Howard graciously answered some interview questions pronto, which I’ve included in their entirety for you in this article.  We also arranged to meet up at Summerfest and as you can imagine never ran short of topics to discuss while there!  Howard, an instant Fit Quickies fan, interviewed me for a recent podcast on the new website that is that is an outgrowth of the book Whole, immediately upon return from Summerfest. (You can catch the audio of Howard’s interview of me here: Wholevana interview of Lani Muelrath:  the Plant-Based Fitness Expert.)  Quite the honor!

Back to the book.

Whole does just as its title promises:  it explains why, when it comes to what we eat, foods as presented in their natural, unprocessed state deliver more than we might imagine, nutrition that cannot be duplicated by fractioning them into a pile of fiber, vitamins, minerals, and macronutrients.  In this case, the whole is truly more than the sum of its parts.  I’ve long had my suspicions about isolated nutrients and super supplements – it just seemed that the best way to offer nutrition to our bodies is to invite nutrients to the table in a state where they come along with all of their ‘friends’.  You know, whole.

Perhaps the best snapshot of the compelling content in Whole can be found on pages 152 – 153:

Red Apple with heart

In studying the apple, Professor Liu and his team began by choosing to focus on vitamin C and its antioxidant effect.  They found that 100 grams of apples (about a half cup) had an antioxidant, vitamin-C like activity equivalent to 1,500 milligrams of vitamin C, (about 3 times the amount of a typical vitamin C supplement).  When they chemically analyzed that 100 grams of the whole apple, however, they found only 5.7 milligrams of vitamin C, far below the 1,500 milligrams that the level of antioxidant activity associated with the vitamin C indicated.  

The vitamin-C like activity from 100 grams of whole apple was an astounding 263 times as potent as the same amount of the isolated chemical!  Said another way, the specific chemical we refer to as vitamin C accounts for much less than 1 percent of the vitamin C-like activity in the apple – a miniscule amount.  The other 99-plus percent of this activit is due to other vitamin C-like chemicals in the apple, the possible ability of vitamin C to be much more effective in context of the whole apple than it is when consumed in an isolated form, or both.  ~Whole, pages 152 – 153.

Interview questions for Howard Jacobson

To get right to the heart of things, I asked Howard to respond to the following three questions so that I could report his answers back to you.

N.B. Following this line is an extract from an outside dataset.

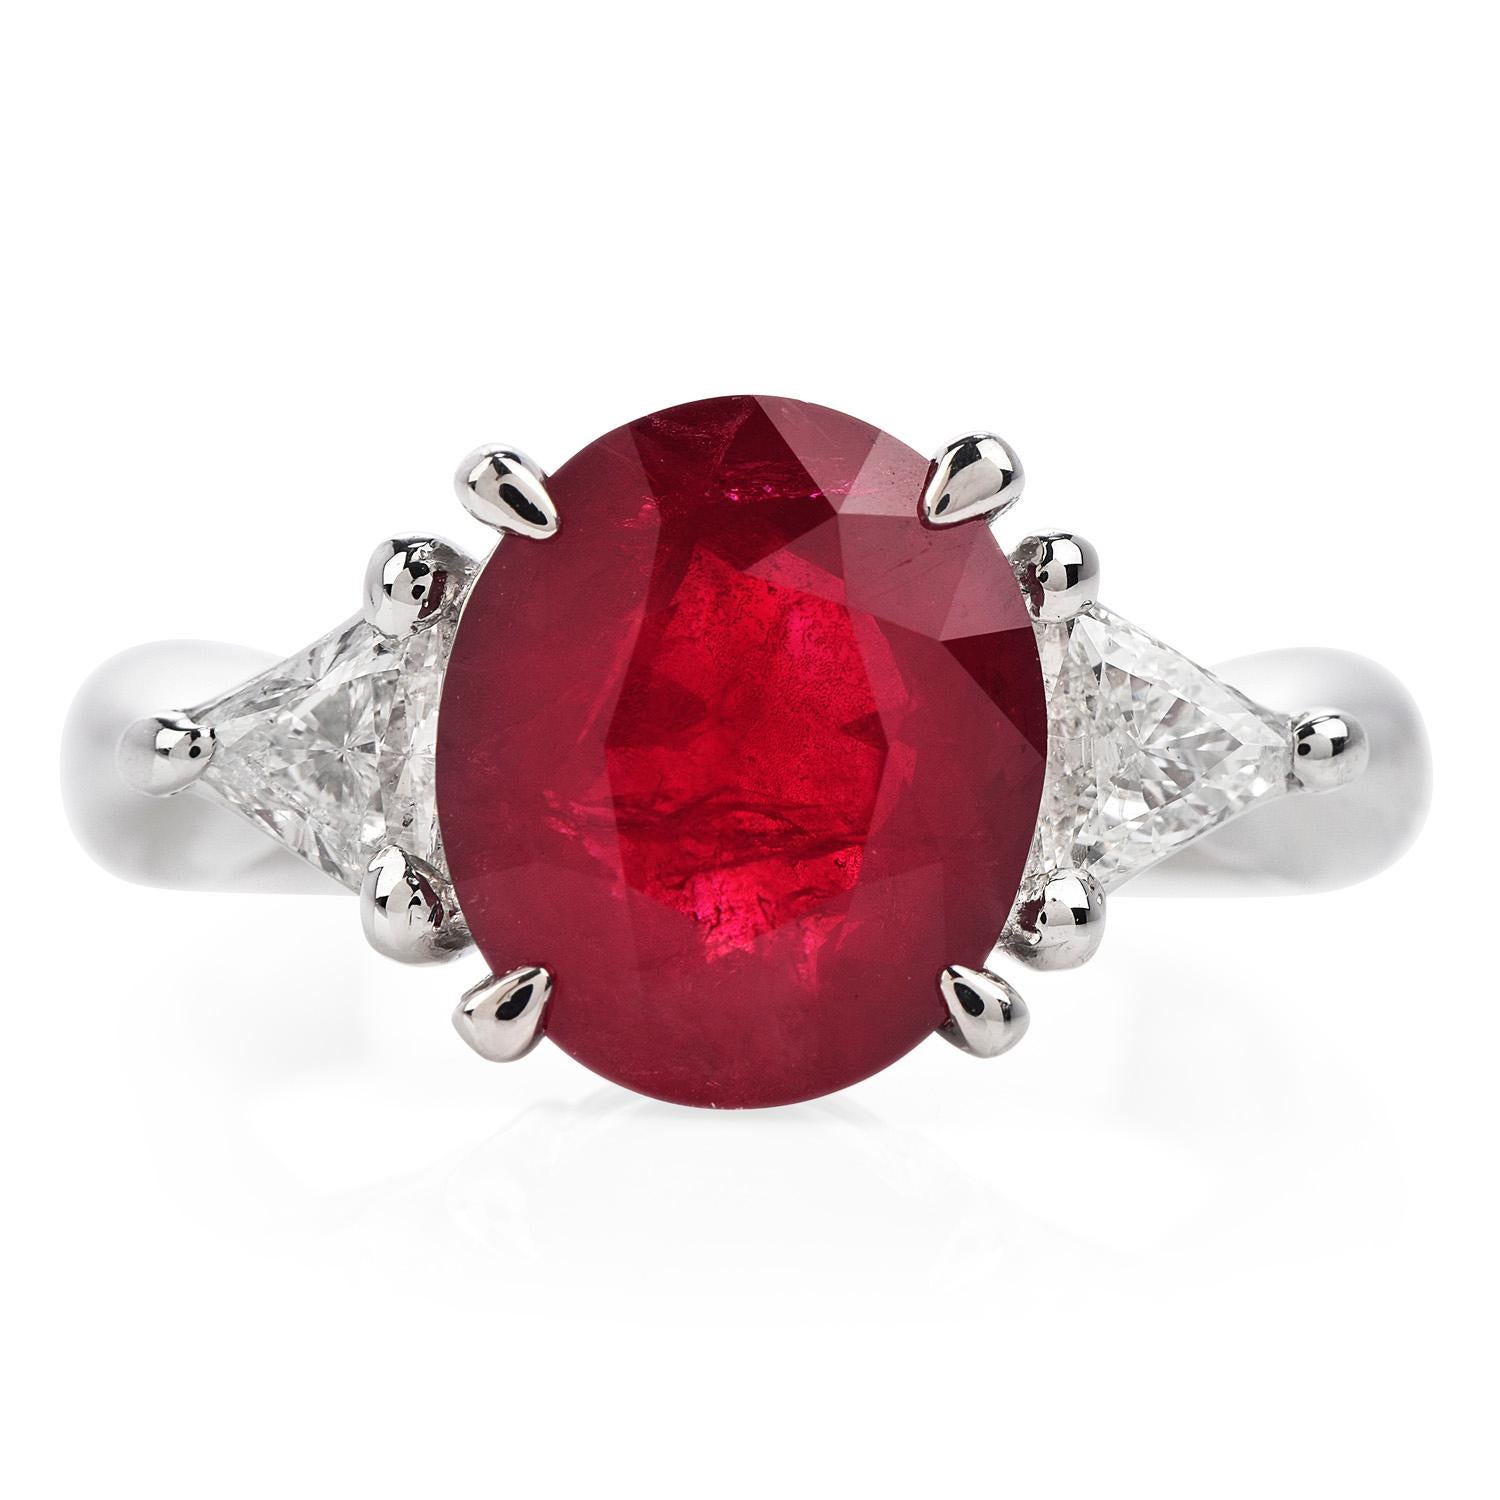 Dieser exquisite GIA-zertifizierte Rubin- und Diamantring mit drei Steinen ist das perfekte Geschenk für einen besonderen Anlass und der Geburtsstein des Juli

Der exquisite Mittelstein ist sorgfältig in eine massive Platinfassung

Lani Muelrath:  Describe the two to three biggest takeaways you would like for readers to get from reading Whole.

Howard Jacobson:

  1. Most of what you’ve been told about nutrition just isn’t true. The profit motive has replaced most science with marketing, and few people in government or media or medicine are incentivizes or even trained to tell the difference.
  2. You can prevent, halt, and even reverse most diseases through an “open-source” approach to health. No longer is your health and longevity in the hands of the fates, or dependent on the prescriptions of doctors and the good will of insurance companies. The real key to vibrant health is within your control – the food that you choose to put into your body every single day.
  3. Switching to a Whole Foods Plant-Based (WFPB) lifestyle is one of the most powerful steps you can take for your health, for society, and for the planet as a whole.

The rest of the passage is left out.